In particular, the MFDA was lauded for its ability to provide useful responses to industry questions, the fairness of its policy decisions, its flexibility in audits and its sensitivity to the concerns of small dealers.

These improved scores for the self-regulatory organization (SRO) saw it push ahead of the Investment Industry Regulatory Organization of Canada (IIROC) – which saw its IE rating tick down to 6.5 this year from 6.8 last year. The MFDA ranks second only to the B.C. Securities Commission in this year’s Report Card overall.

To some extent, the leap in the MFDA’s IE rating may represent reversion to the mean. The SRO’s ratings had dropped notably on last year’s Report Card in many of the same categories where its scores jumped this year.

Yet, comments from dealers in this year’s survey indicate that mean reversion isn’t the whole story.

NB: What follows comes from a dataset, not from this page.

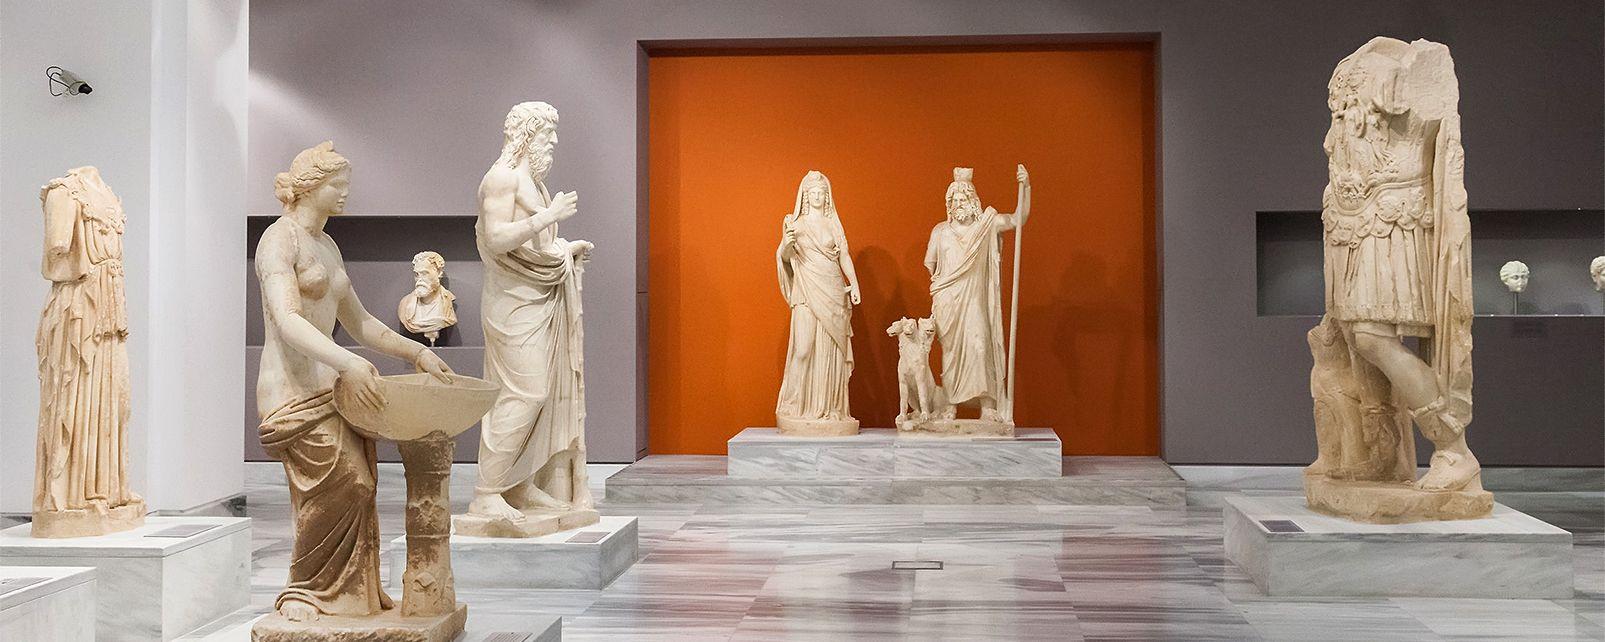 Musée d'Héraklion , Museo de Heraclión , Grecia

Respondents praised the MFDA for initiatives it has undertaken over the past couple of years.

Firms applauded the SRO’s efforts at helping the industry – particularly smaller fund dealers – beef up its cybersecurity preparations. In 2017, the MFDA hired a consultant to assess firms’ security efforts and to provide them with recommendations for improving their defences. In late 2018, the MFDA announced that it will be offering a similar program in the coming year.

This initiative is the type that wins praise because it aims to guard the industry against external risk. It’s also voluntary. Now, thanks to initiatives such as this, the president and chief compliance officer (CO) of one small dealer reported feeling they were getting value from the MFDA.

The SRO also won points for its outreach to the industry, including its approach of publishing discussion papers on certain policy issues – such as continuing education (CE) requirements, and expanding cost reporting – before coming out with new rule proposals.

“They’re fairly open-minded,” says a compliance manager at an institutionally owned fund dealer, adding that the discussion paper approach demonstrates that “they’re open to looking at other opinions.”

An MFDA representative says that, over “the next couple of months,” the organization will release “some form of communication or request for comment” on accreditation standards for its CE program. The SRO also says it hopes to launch the CE program in 2020.

Dealers also lauded other MFDA initiatives, such as its Seniors Summit, which is intended to provide guidance on the growing challenges of dealing with senior clients. The MFDA will hold the third edition of this conference in fall 2019.

One compliance official at a large independent firm praises the MFDA’s conference for its “forward-looking vision,” while another executive says that the guidance provided at these sessions is “very, very good.”

This approach is extending beyond outreach and policymaking, some dealers said, to include the MFDA’s compliance exam process. The SRO received an improved rating of 6.3 for the category “regulator’s flexibility when performing audits and examinations,” compared to 4.9 in 2018. The CO at a mid-sized independent firm reports that they’ve “noticed a huge difference in terms of collaboration [with the MFDA],” adding that they are “a lot more reasonable than in the past.”

“They are responsive and much more engaged,” another fund dealer executive says.

“They’re active listeners […] they do want to reach practical outcomes, they spend a lot of time to get to the right place,” notes a senior executive at a large fund firm.

These positive reviews were not universal. The MFDA also received criticism, including complaints that it can be too conservative and that it tilts too sharply in the direction of investor protection, at the expense of firms’ business.

Some also complained that the audit process could be further improved. A couple of COs said that the MFDA should be providing more positive feedback as part of its audits, so that firms understand where they are doing well, not just where they need to boost compliance. “If a dealer is doing a good job, they should be acknowledged,” suggests one executive.

This year, it’s the MFDA that has received a rare pat on the back from its dealers.